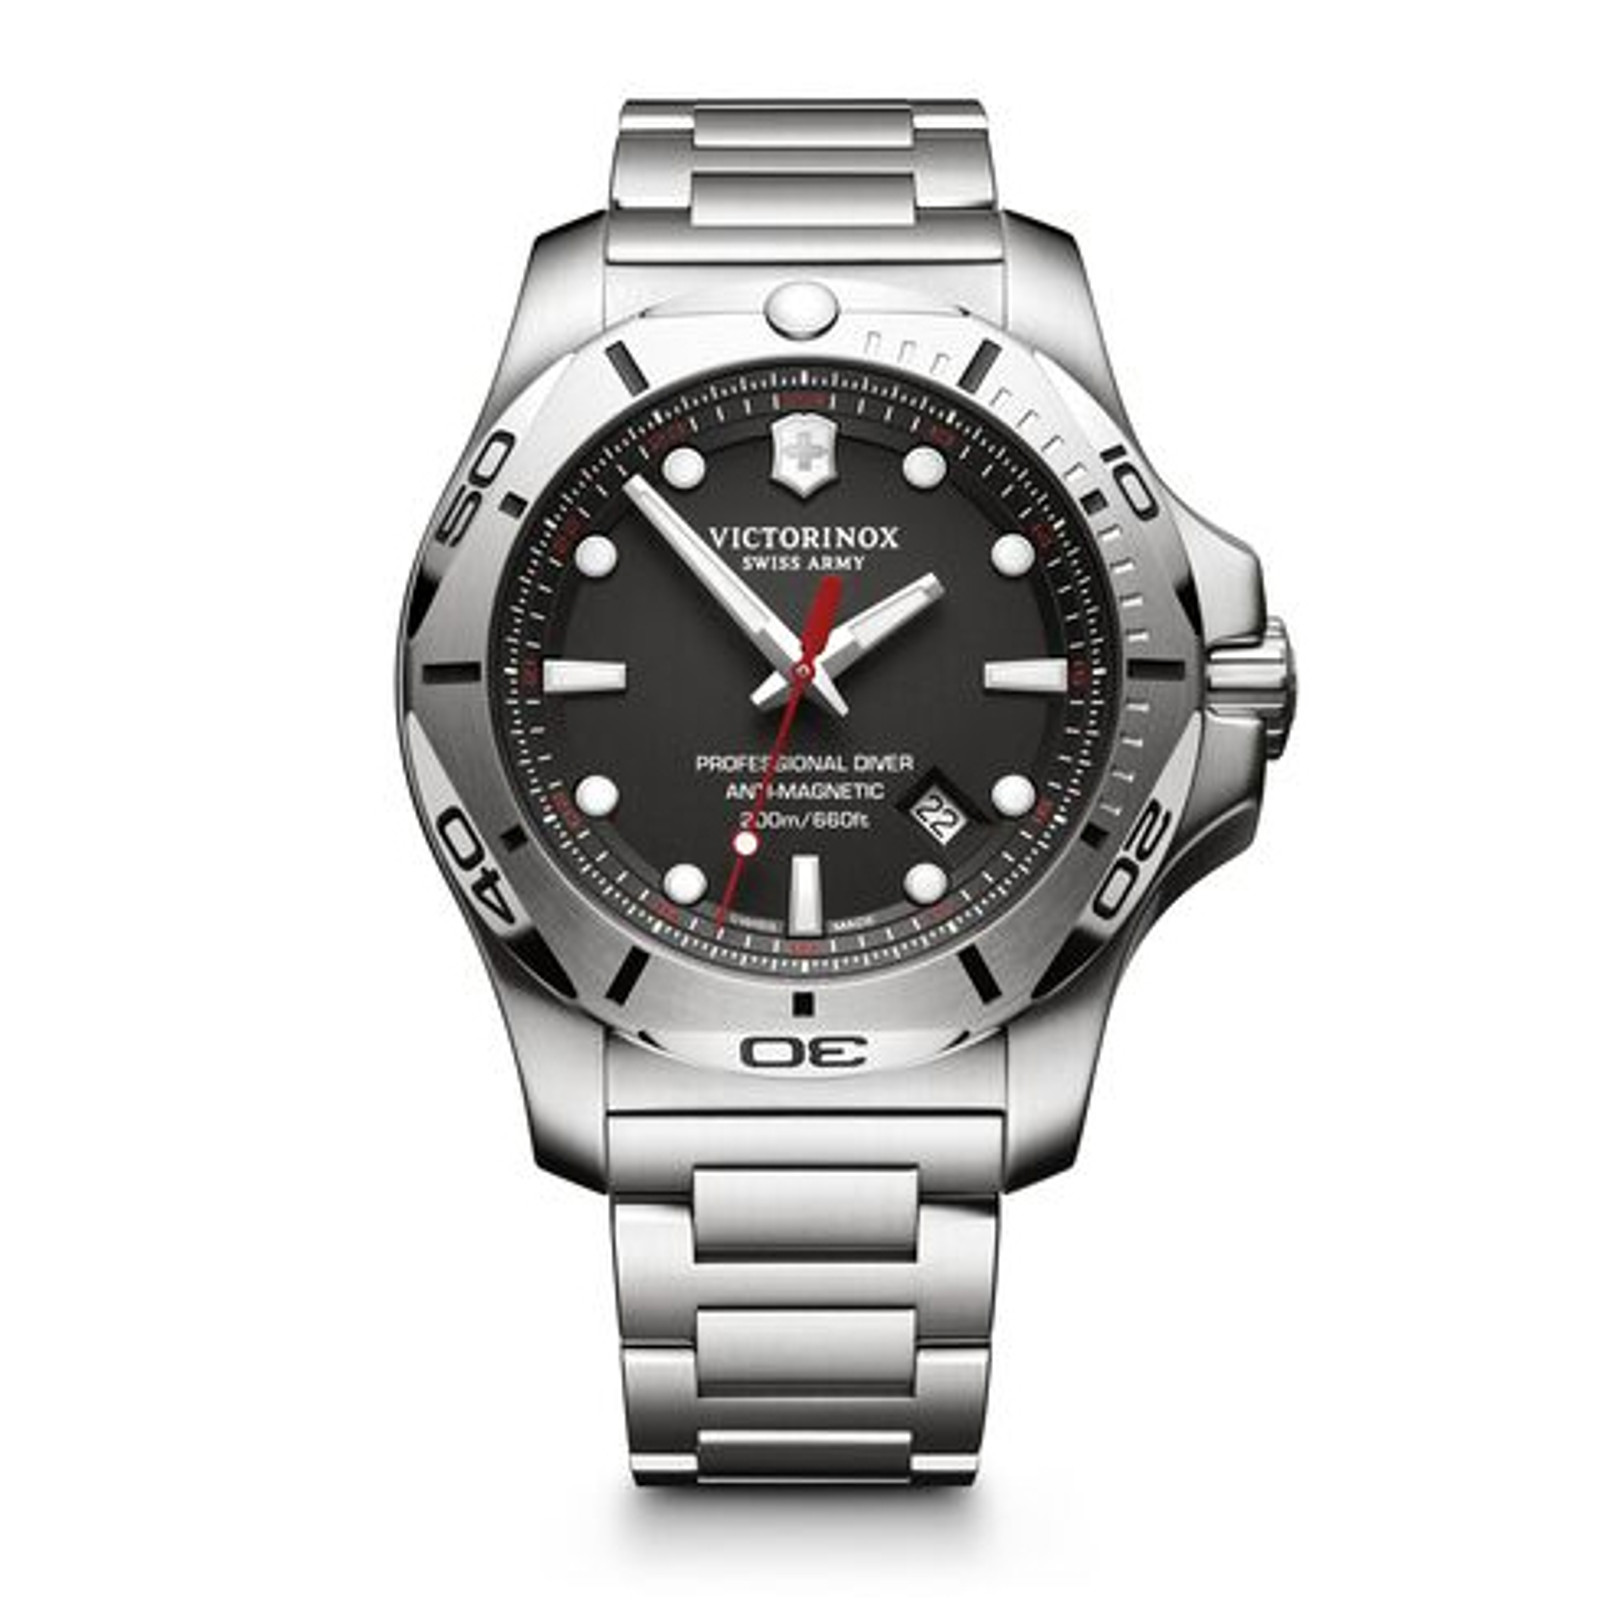 Victorinox Professional Diver (241781)
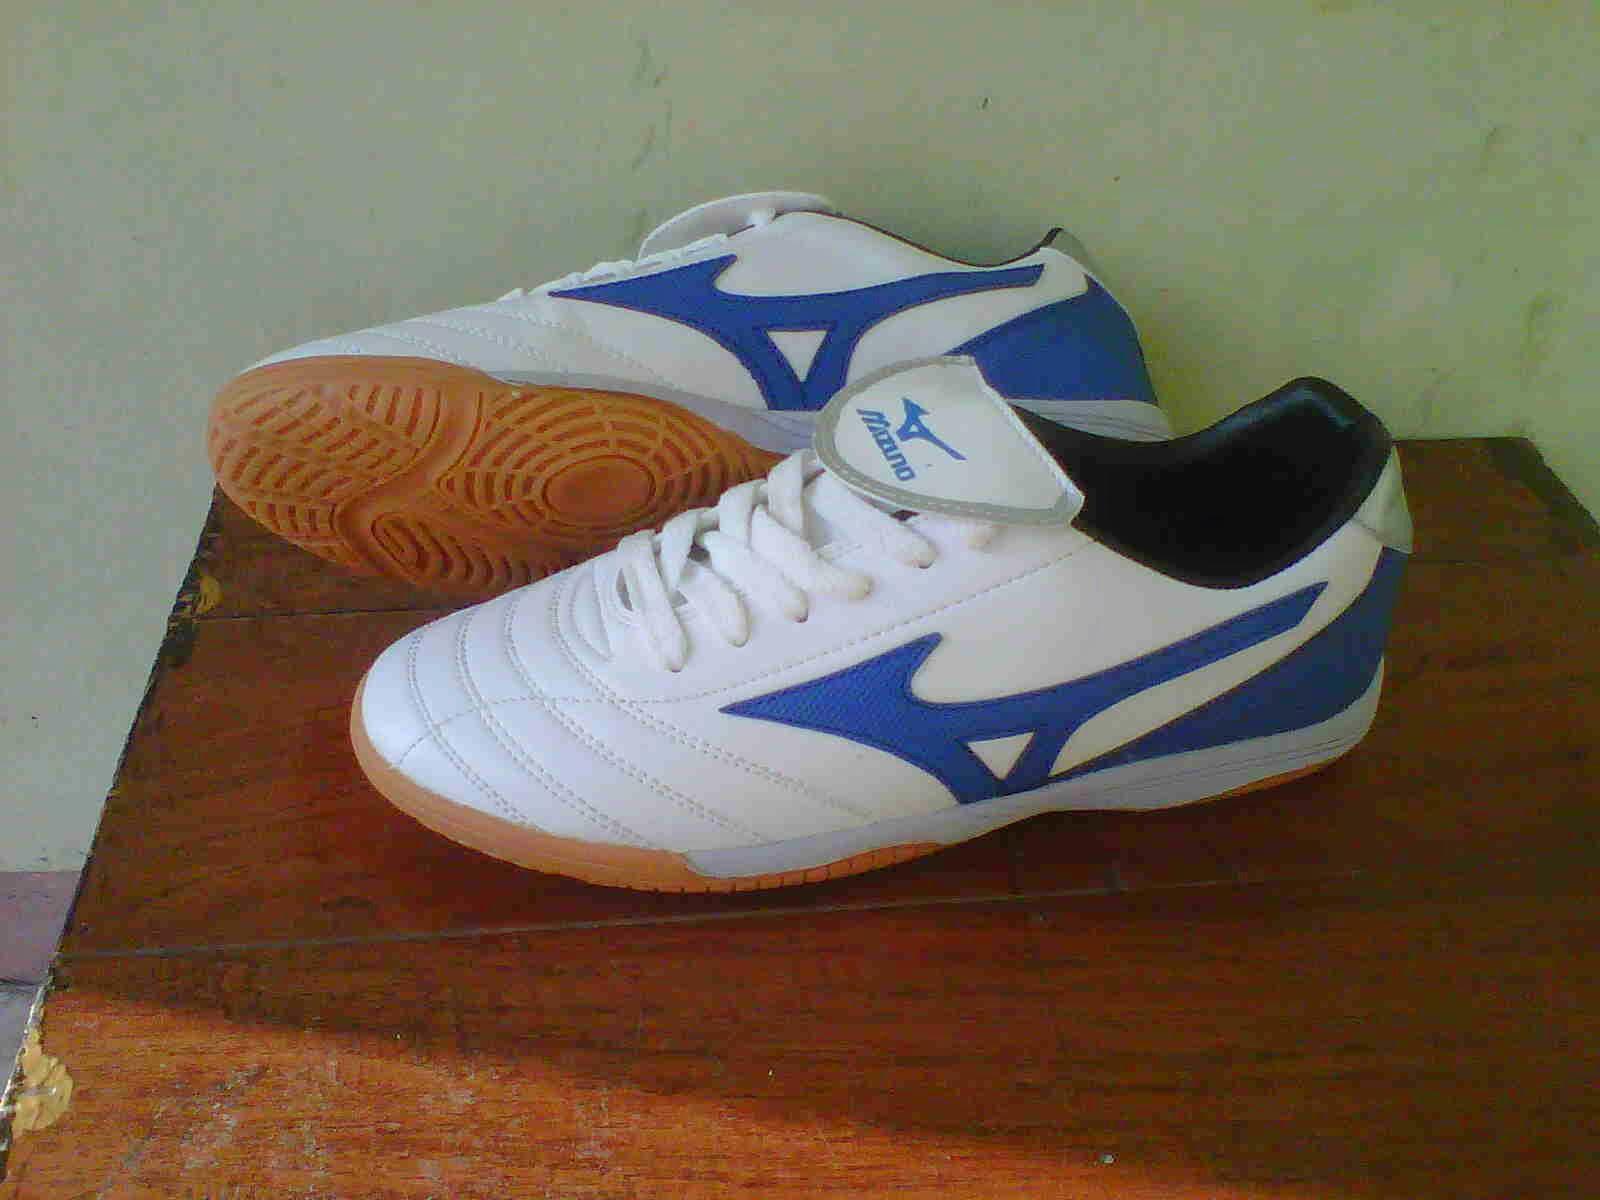 Grosir Sepatu Futsal Murah Berkualitas Agustus 2014 Mizuno  Ber Kualitas Putih Biru
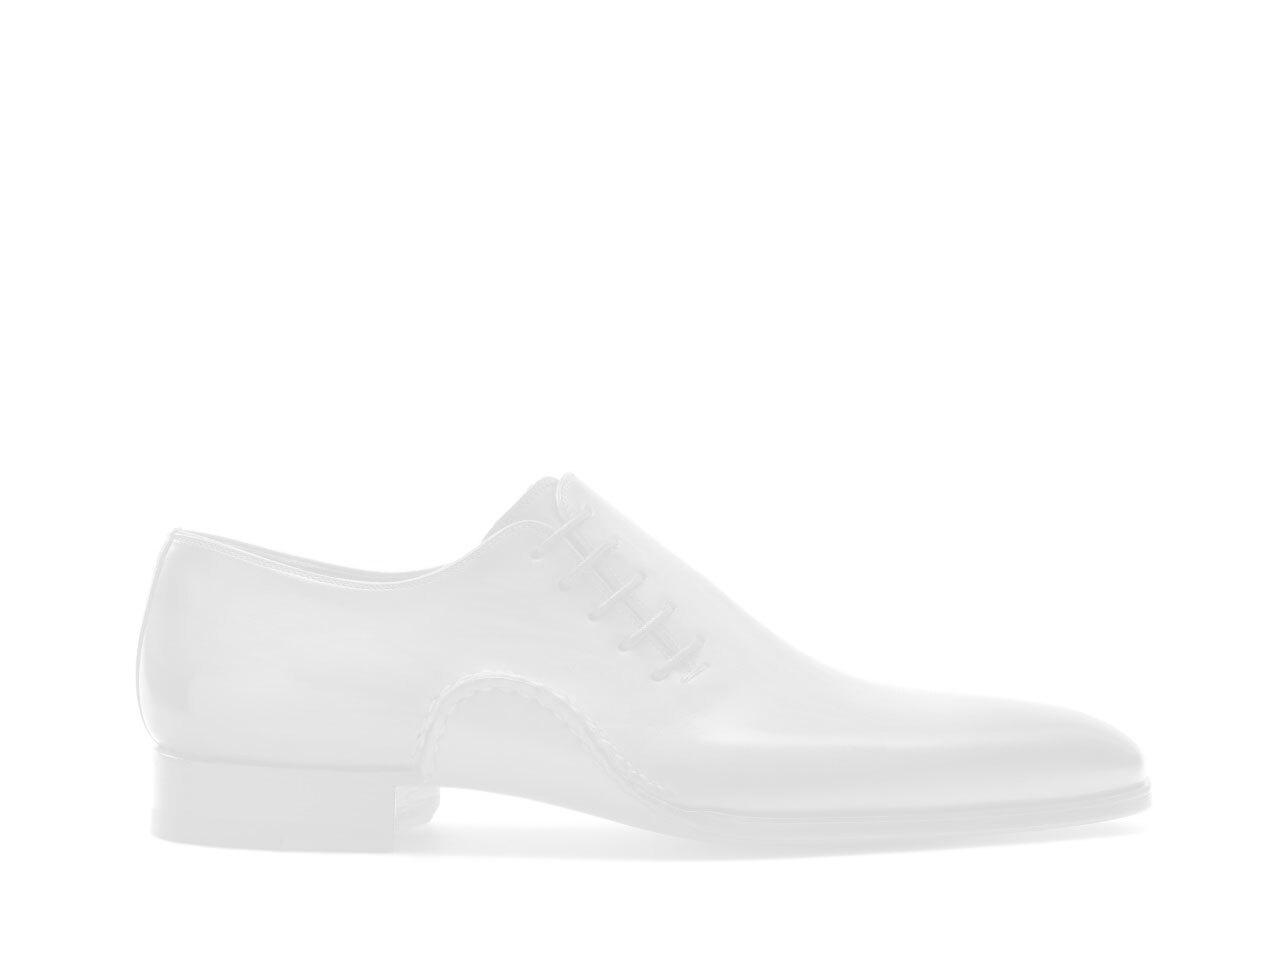 Casual Sock | Charcoal Grey
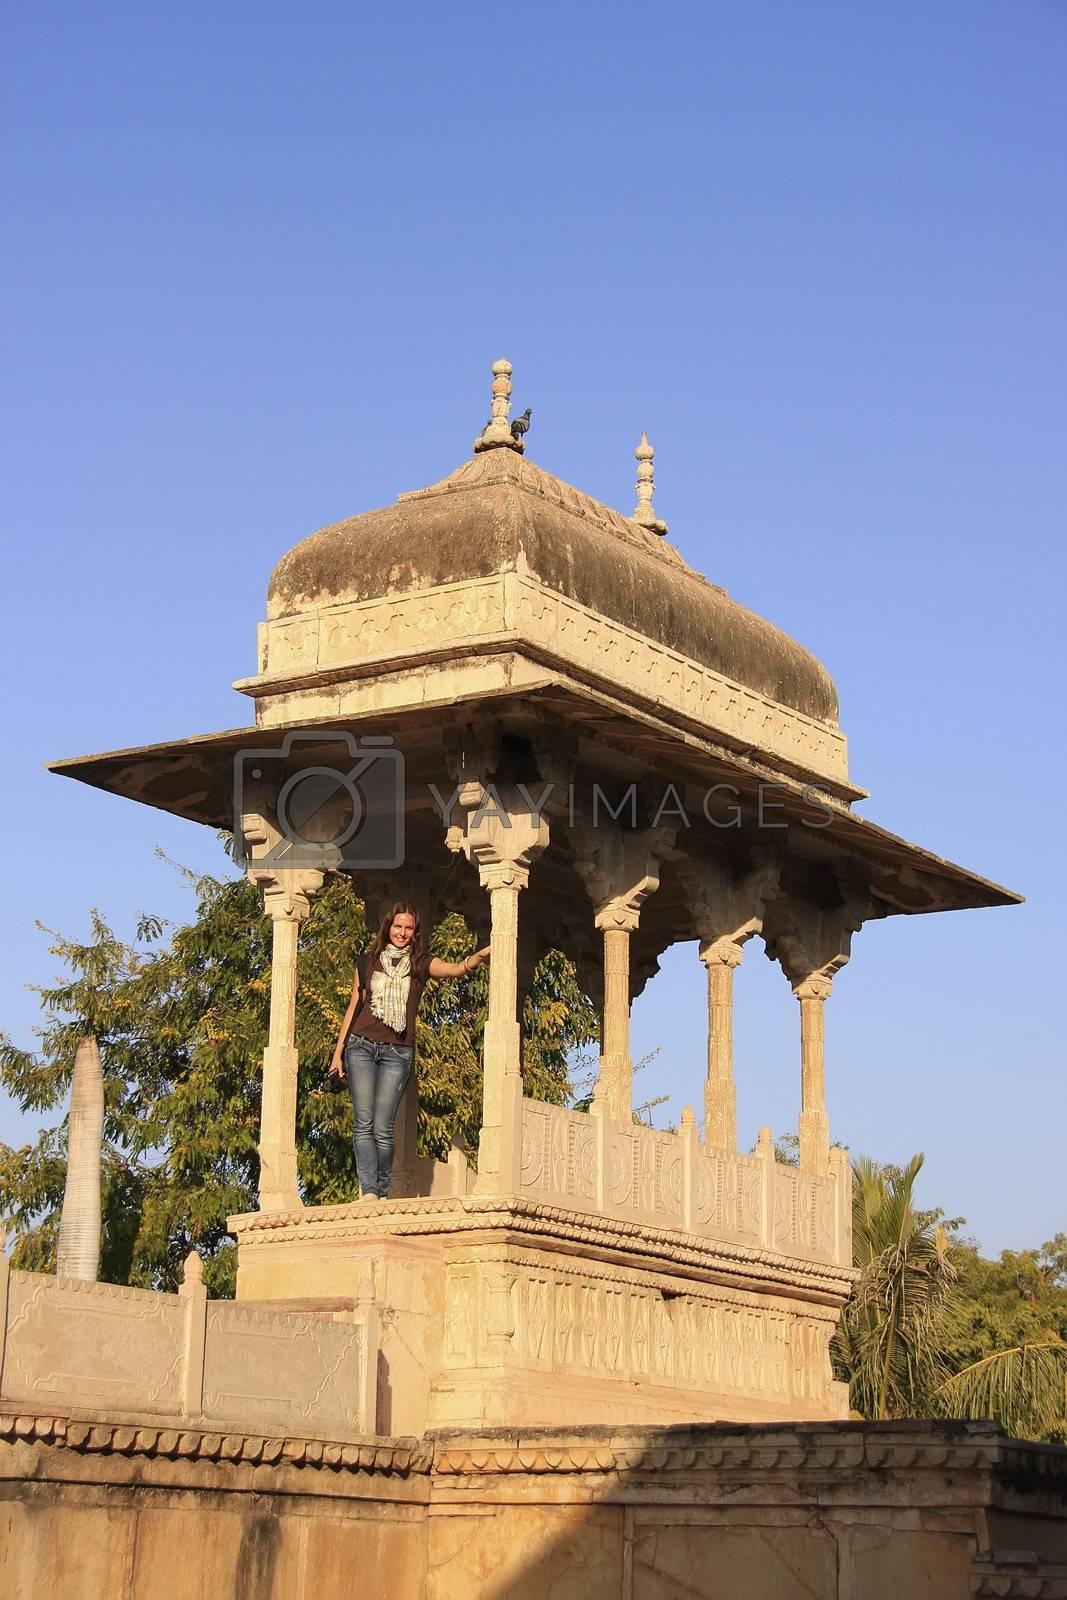 Young woman standing at Raniji ki Baori, Bundi, Rajasthan, India

## [Task details]
An exact copy of the data is required, with the pictures excluded.

## [Solution to the exercise]
 Victorinox Professional Diver (241781)
 Grosir Sepatu Futsal Murah Berkualitas Agustus 2014 Mizuno  Ber Kualitas Putih Biru
 Casual Sock | Charcoal Grey
 Young woman standing at Raniji ki Baori, Bundi, Rajasthan, India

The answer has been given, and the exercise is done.